増えている車中泊トラブル! 快適に車中泊ができる場所はドコ?

 車中宿泊できる場所といえば、これまでは道の駅や高速道路のSA・PA、オートキャンプ場などでした。

 しかし、車中泊人口の増加にともない、専用施設も誕生しています。

「RVパーク」は、快適に安心して車中泊ができる場所として、日本RV協会が公認する車中泊専用施設です。全国の温泉や旅館、道の駅、遊園地など400か所以上にあり、現在も整備が進んでいます。
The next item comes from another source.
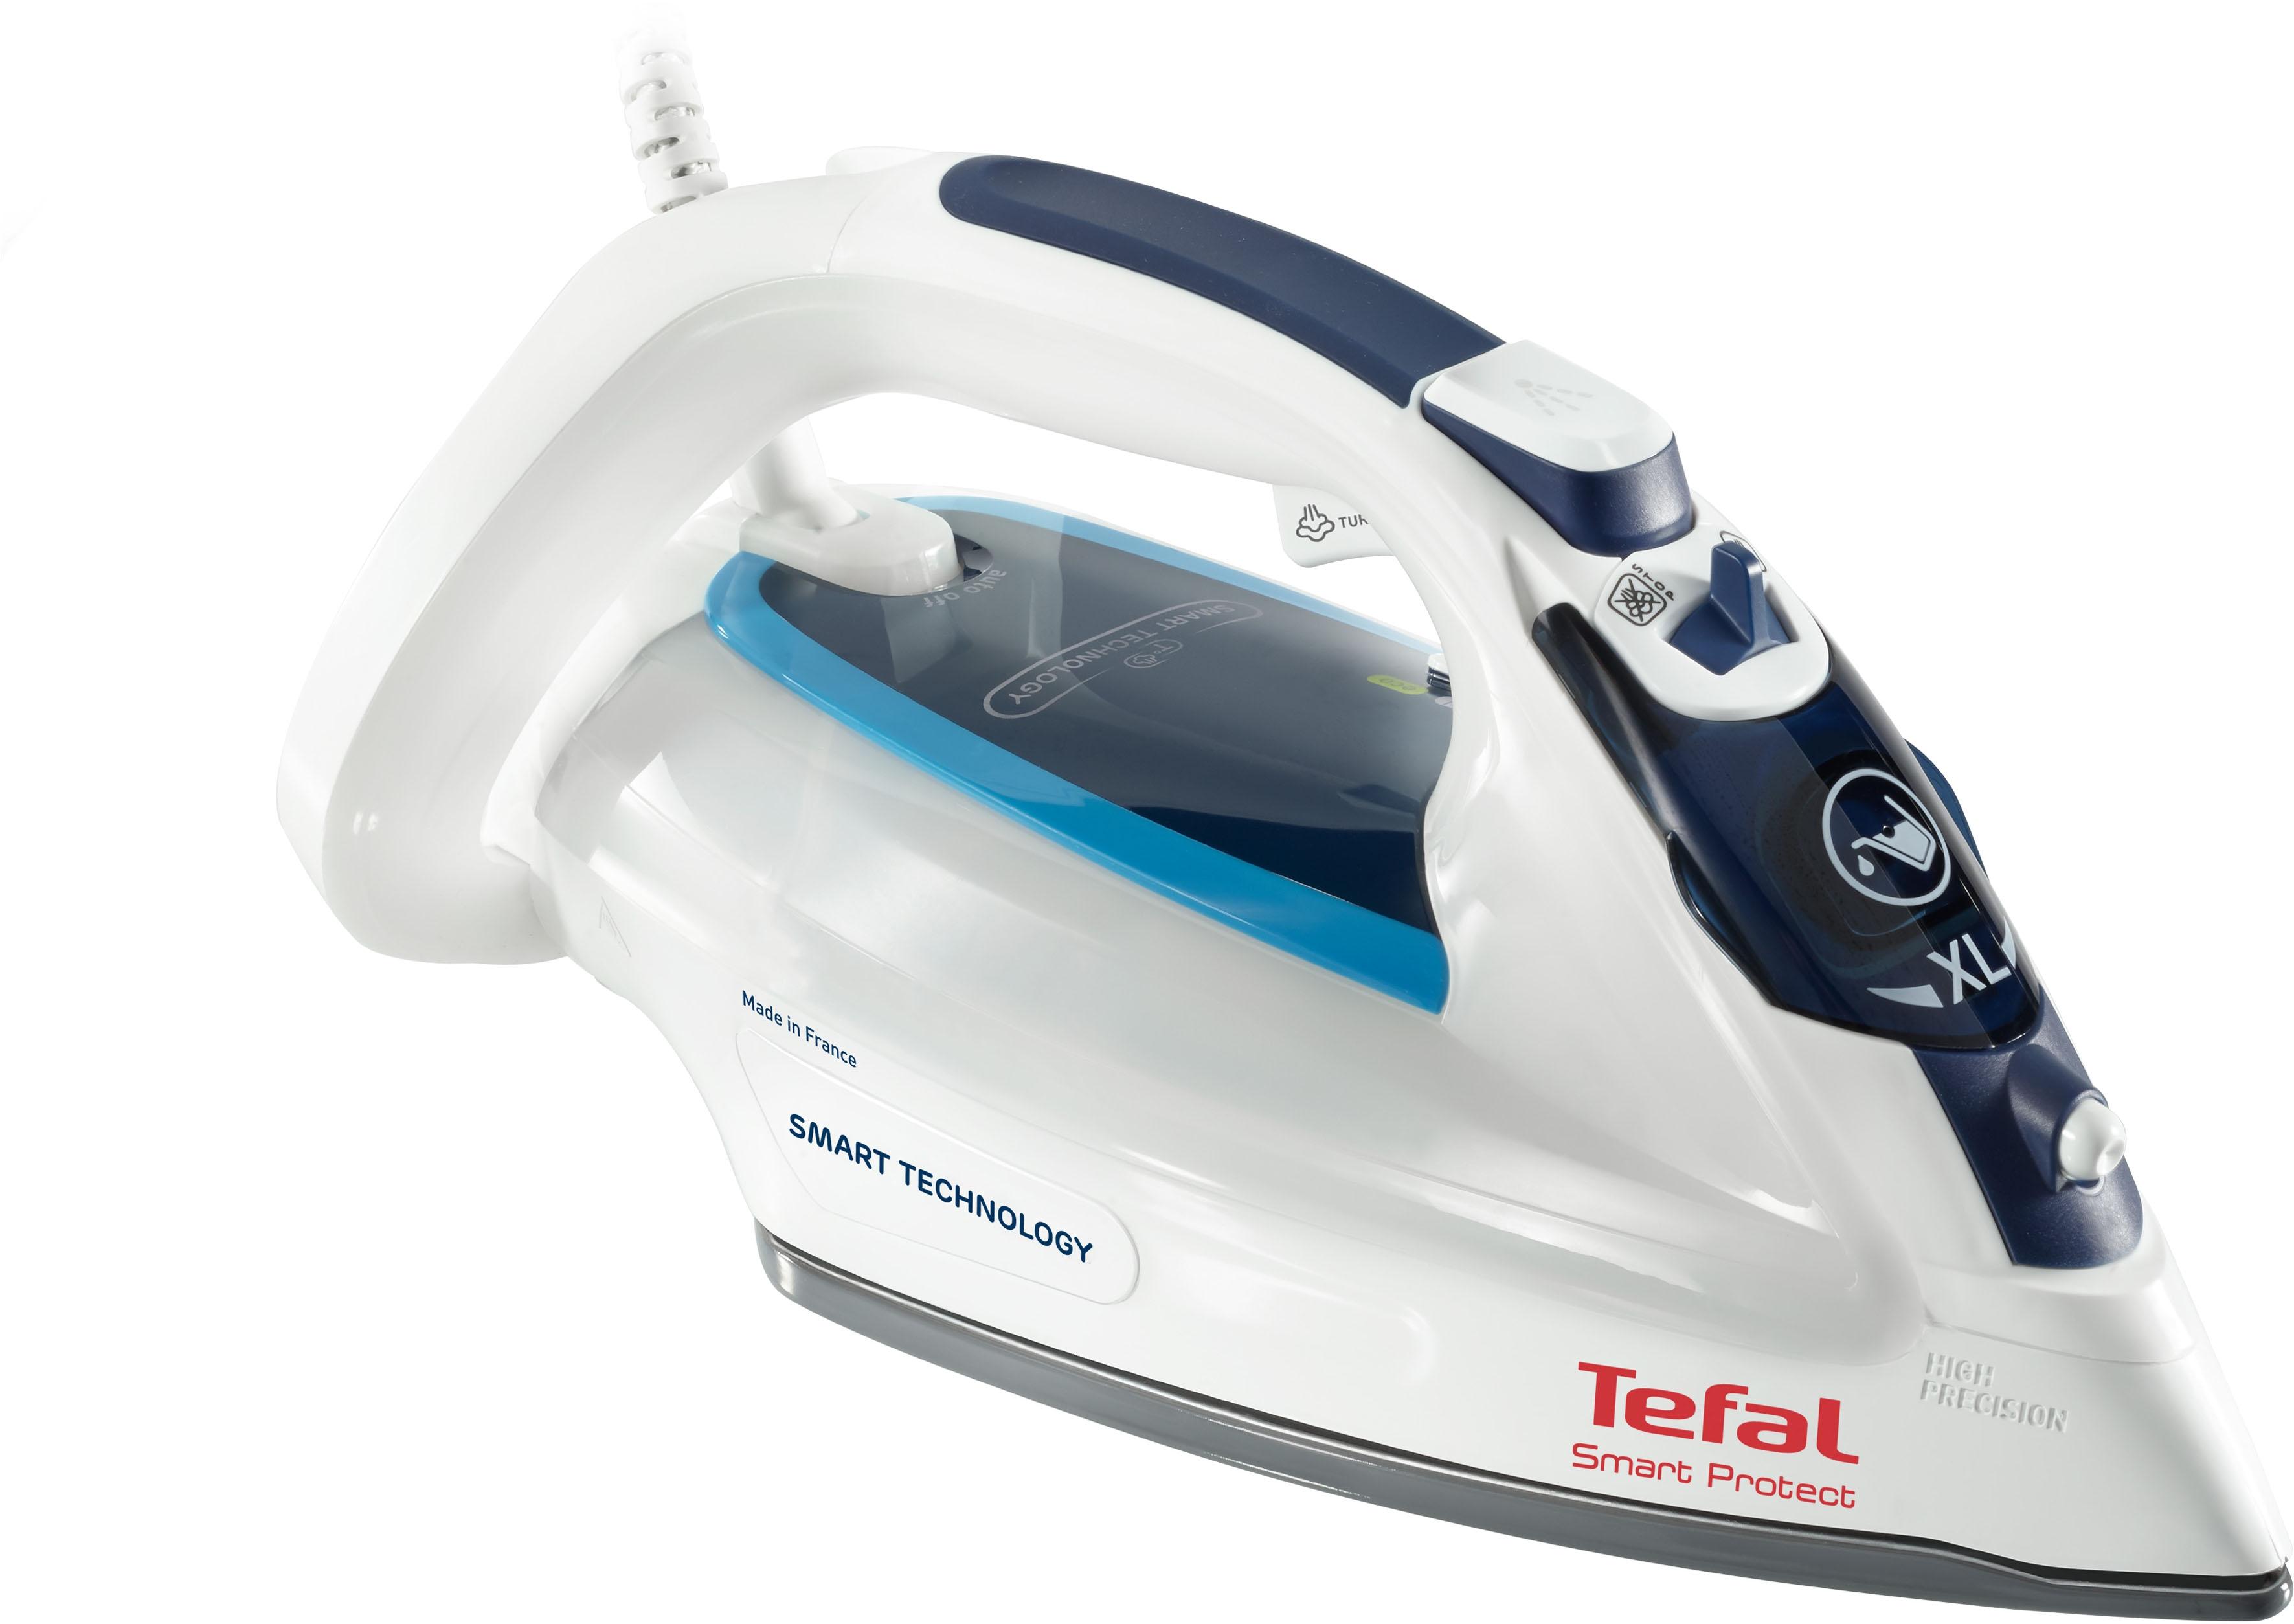 Tefal Dampfbügeleisen FV4980 Smart Protect, 2600 Watt weiß Bügeleisen Bügelstationen Haushaltsgeräte

 利用者も増えており、2023年は1万件を超えました。これは、コロナ前である2019年の10倍にあたるようです。

「RVパーク」では、駐車スペースに余裕があり、トイレはもちろん100V電源が使えるほか、ゴミ処理もでき、クルマで15分圏内に入浴施設もあります。キャンピングカーでなくても利用でき、多くの施設では予約の必要もありません。

 利用料金は、平均すると一泊2000円から3000円程度です。1週間程度の滞在が可能なので、周辺を観光しながら各地のRVパークを巡るという旅も実現可能です。

 一方で、気をつけたいのは、道の駅やSA・PAといった公共駐車場の利用です。

 必要以上に長く滞在する、生活ゴミを置いて帰る、夜間に騒音をたてるといった、公共駐車場の利用目的から外れる行為が問題視されるようになったため、車中泊利用が難しい施設もでてきています。

 車中泊先を決める際のポイントについて、前出の担当者は次のように語ります。

「夜間は騒音に気をつけることや、車中泊ができる場所であるか確認することが大切です。また、RVパークなどを活用するとよいと思います」

車中泊では「プライバシー保護」もトラブル防止には重要な要素(画像はホンダ「N-VAN」のホンダアクセス仕様)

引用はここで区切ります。